*Work item:*
Give back the full listing exactly, setting the pictures aside.

*Recorded information:*
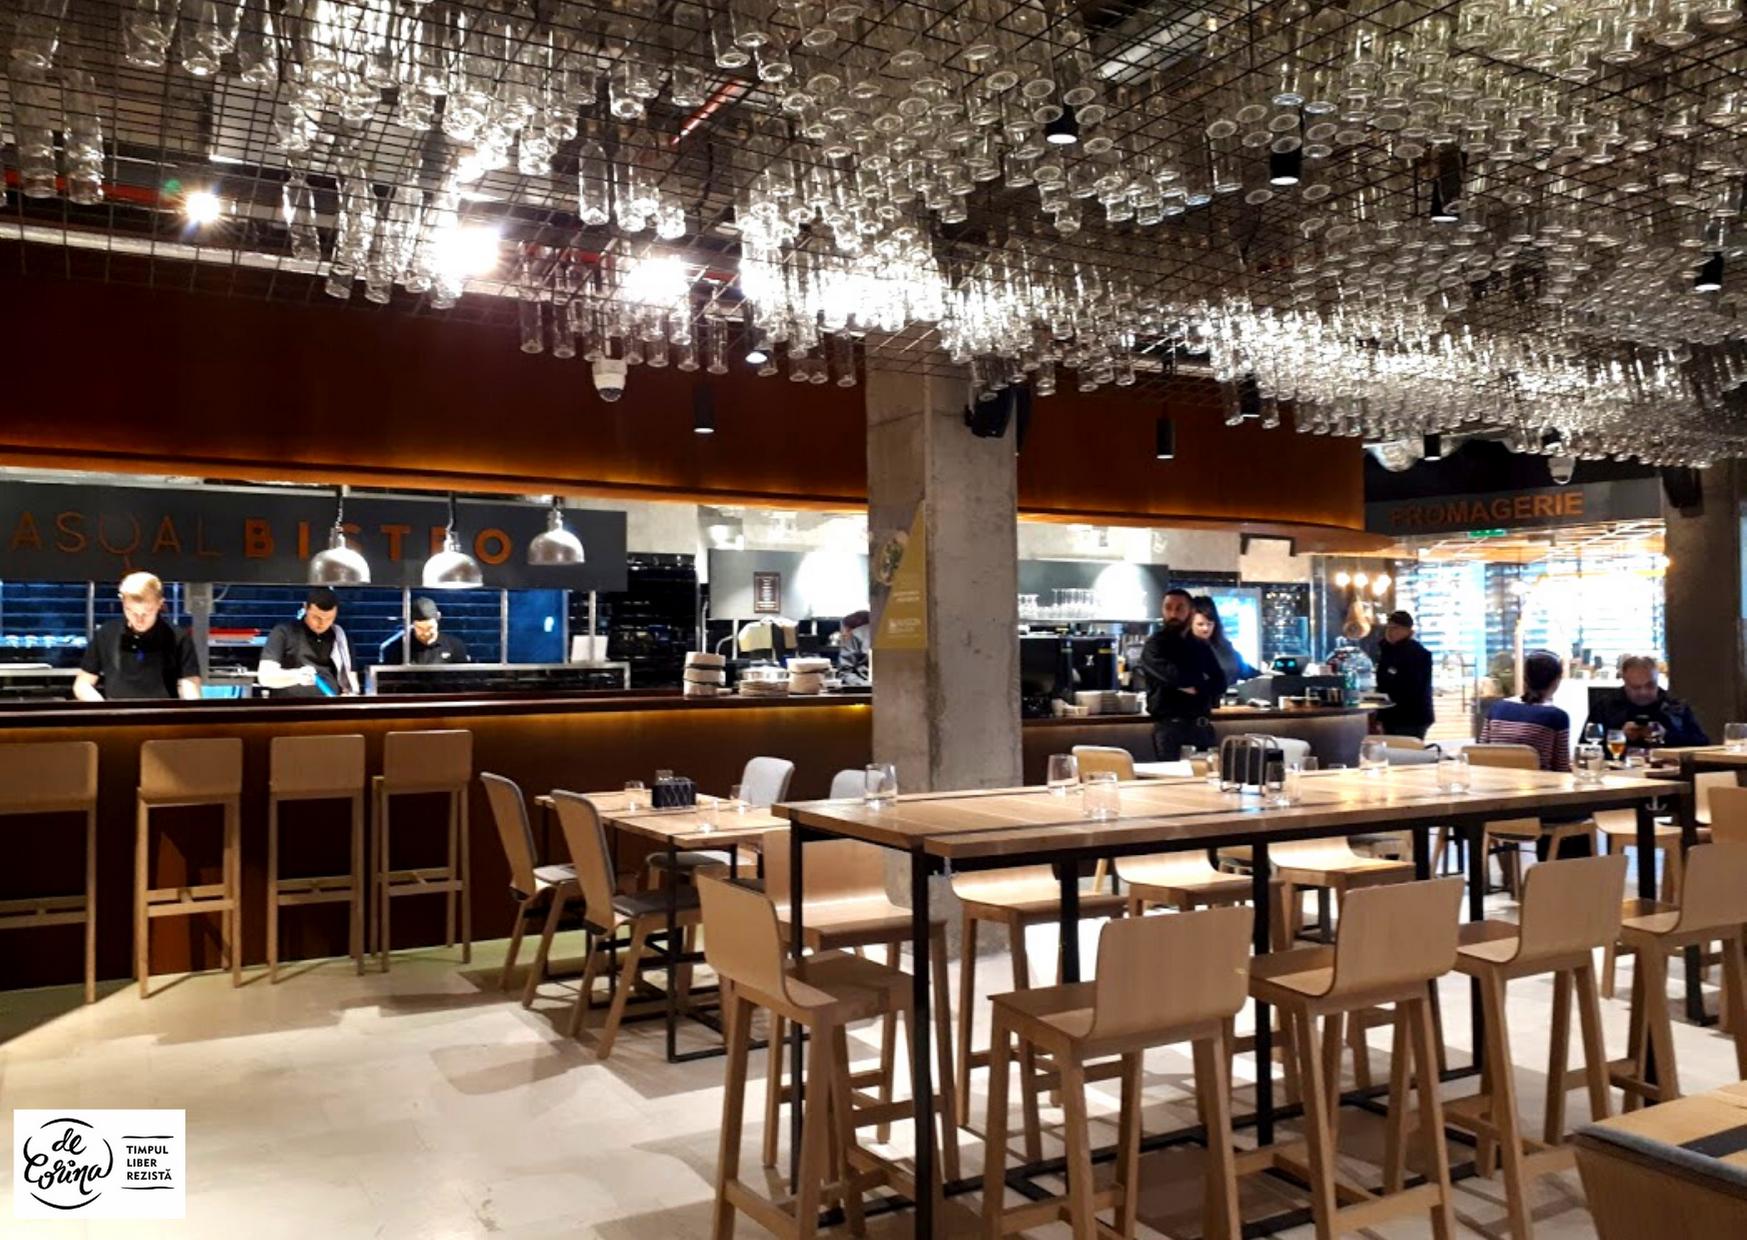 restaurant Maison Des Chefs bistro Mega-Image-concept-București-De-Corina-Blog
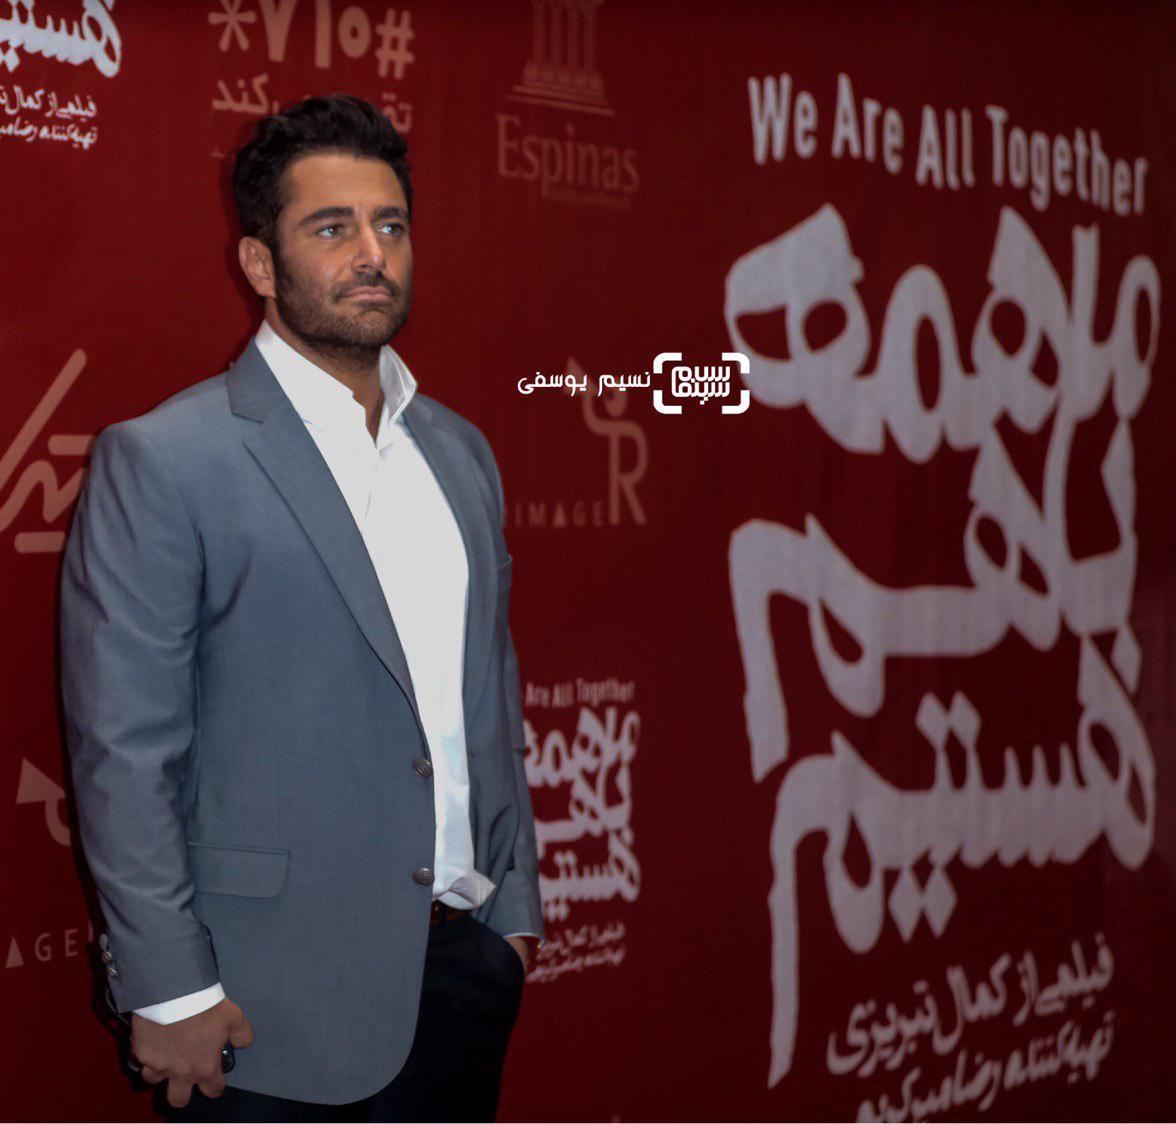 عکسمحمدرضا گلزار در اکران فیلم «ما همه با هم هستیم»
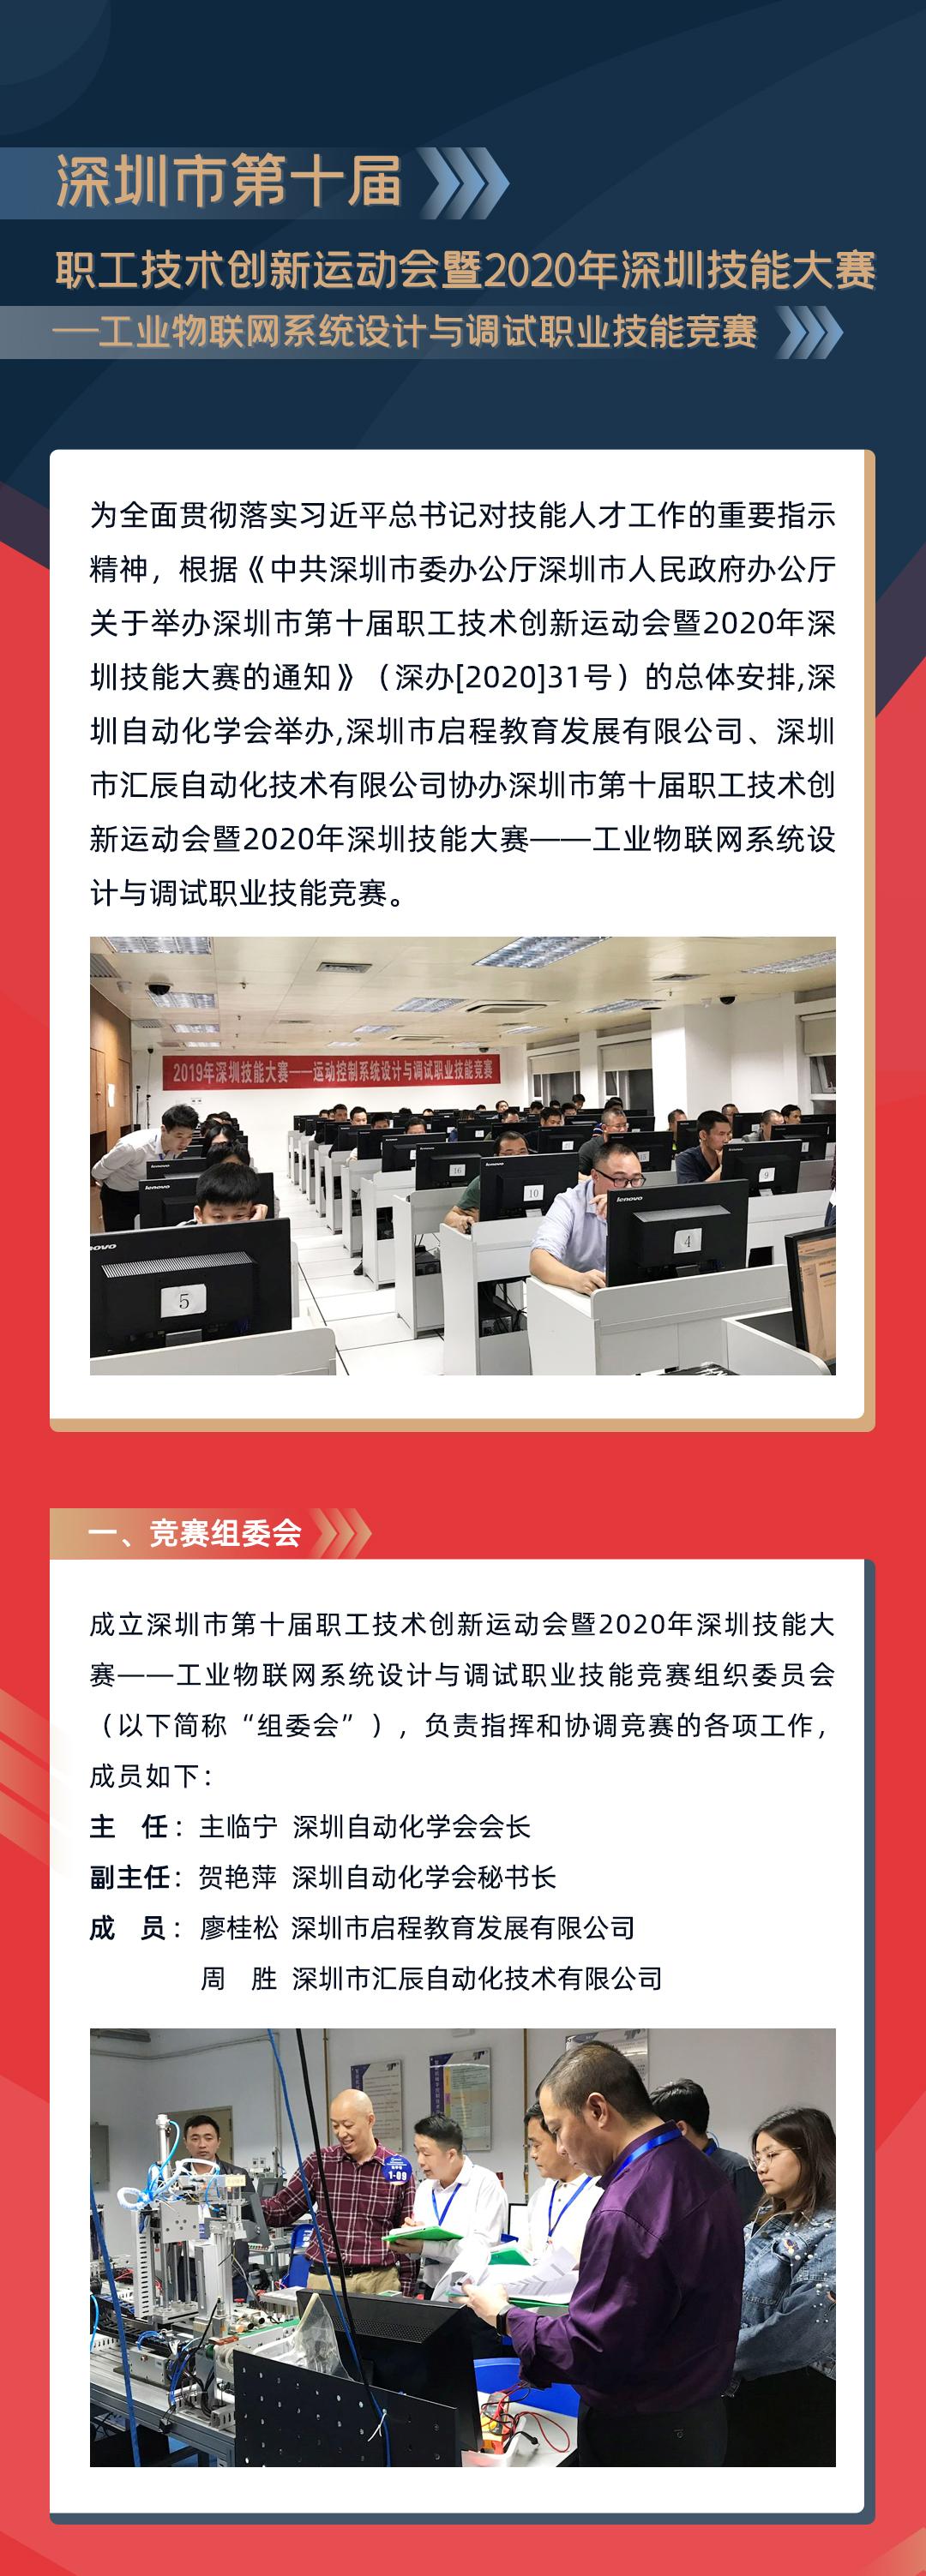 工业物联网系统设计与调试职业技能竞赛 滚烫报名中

*Task answer:*
 restaurant Maison Des Chefs bistro Mega-Image-concept-București-De-Corina-Blog
 عکسمحمدرضا گلزار در اکران فیلم «ما همه با هم هستیم»
 工业物联网系统设计与调试职业技能竞赛 滚烫报名中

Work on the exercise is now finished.